Veiled in mystery by the legalities and the eminence of the adjacent Wasatch mountains, the Oquirrh Range serves as the 10,000 feet dividing line between the Salt Lake and Tooele valleys. Equipped solely with the knowledge of a BLM public lands route provided by an outdated hiking guide, and a strong desire to summit a couple of the Oquirrh’s more prominent mountain tops, I took to the westernmost ridge of Kessler Peak.

It seems that the majority of Salt Lake residents simply lack the desire to trek into the Oquirrhs, given the close proximity of the sublime, and comparably larger Wasatch Range. Those who have opened their minds and weekends to the western green peaks have often suffered for it. They are met with the intimidating barrier of red tape and prohibitions deterring even the most intrepid outdoorsmen from entering for fear of hefty fines — or worse. Painfully evident by the violently dissolved mountain that is now the main Kennecott mining facility, the Oquirrh Range remains in a perpetual state of contractual inaccessibility since Rio Tinto’s colossal 1872 land grab that still holds control to this day.

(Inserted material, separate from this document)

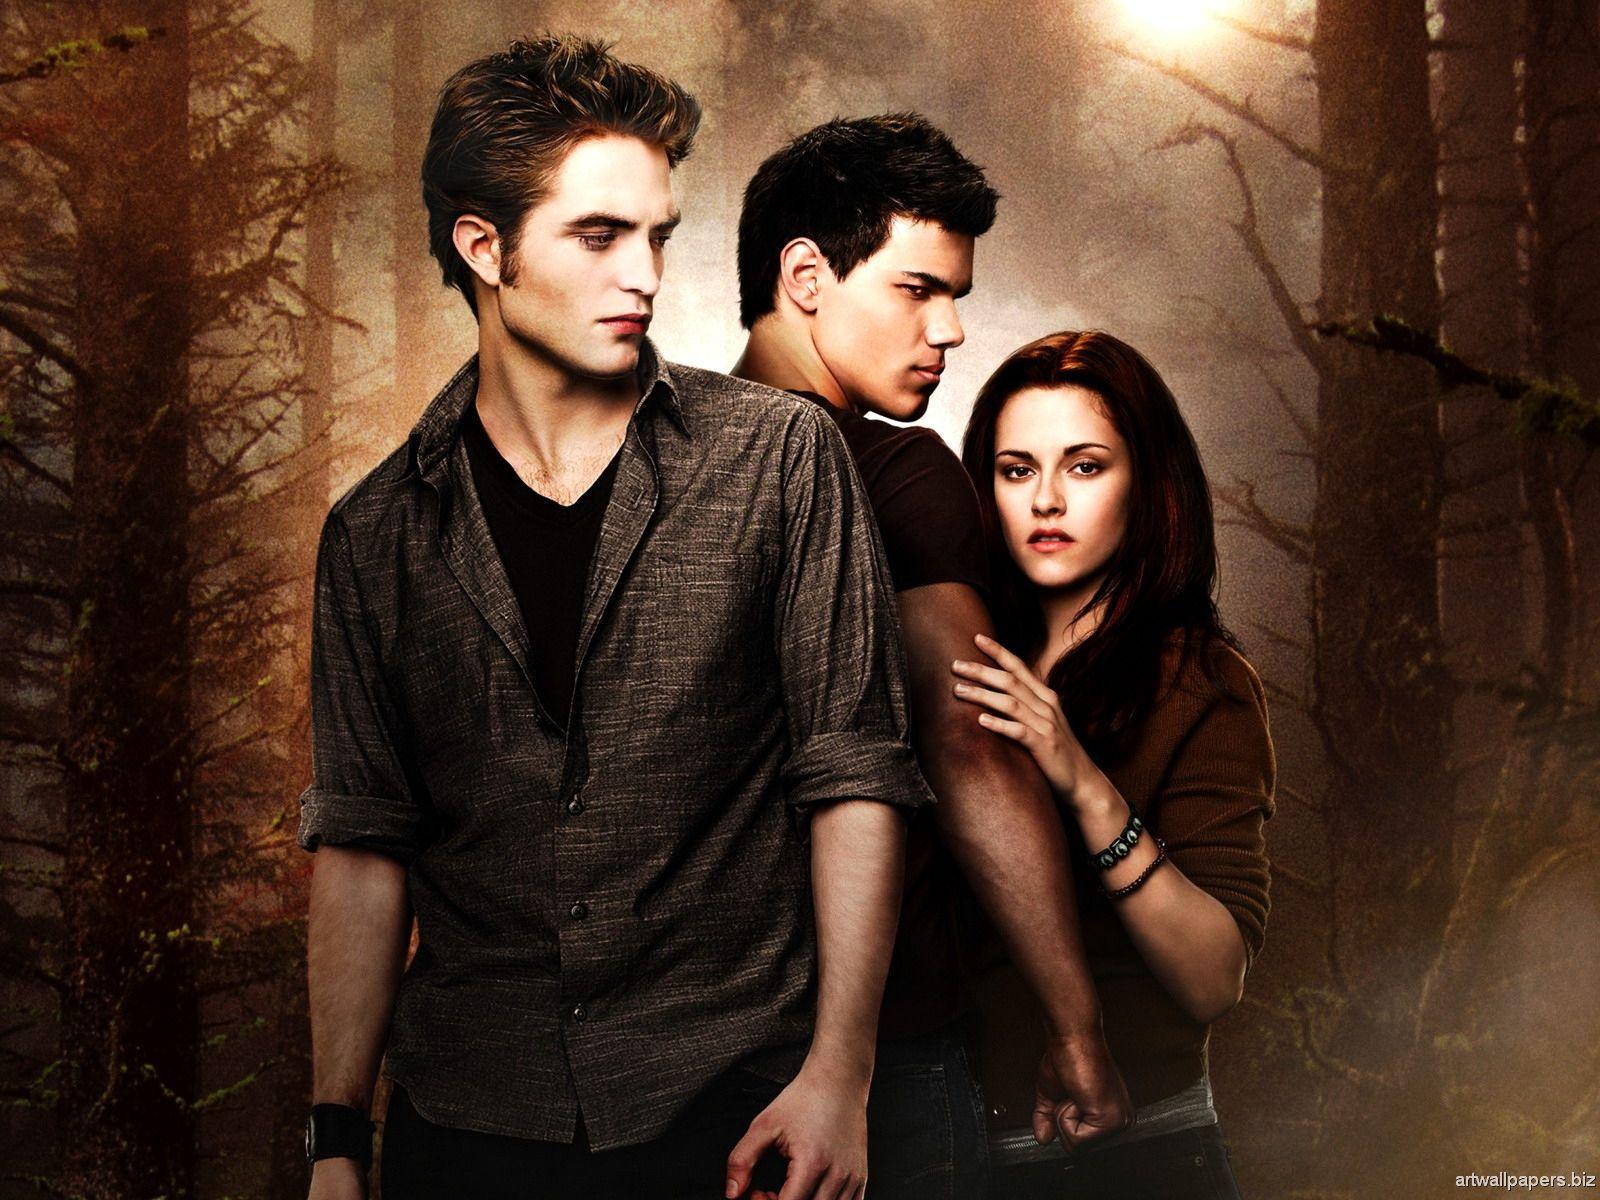 Twilight Saga Wallpaper. The Twilight Saga Wallpaper, Movie

With this corporate acquisition and grand expanses of private purchases, virtually the entire eastern face of the Oquirrhs is restricted to public use (with some exceptions to the far south). While some exploit the negligence of private landowners and trail-blaze in this region outside of the law, those who prefer risk-free, legal natural emersion are ultimately out of luck. Thankfully, the back westernmost face of the range offers a patchy network of BLM land allowing access to those extra-determined to explore Oquirrh terrain without paying heavily for it.

Following the guidance and antiquated advice of a 7-year-old online hiking guide, I made my way to that western back side with hopes of surmounting the ridgeline connecting Kessler and Farnsworth Peaks without deliberately breaking any laws. The guide I relied on did accurately get me to the approximate location of an access point, though it failed to compensate for the nascent housing developments along the base of these mountains.

The overlying drawback of hiking in a largely neglected public land is the total absence of trails, and the consequential abundance of wildlife and wilderness left to flourish independently of human obstruction. When I arrived, I was without the helpful understanding that the access point was at the perpendicular bend, and I began much farther back than I ought to have. I was thus left to bushwhack through dense, arid fields of overgrown dead grass, and the ubiquitous webs of hobo spider webs strung among them (yes, hobo spiders). Long pants and socks are highly recommended in this area in anticipation of the venomous arachnids that call it home — exercise caution.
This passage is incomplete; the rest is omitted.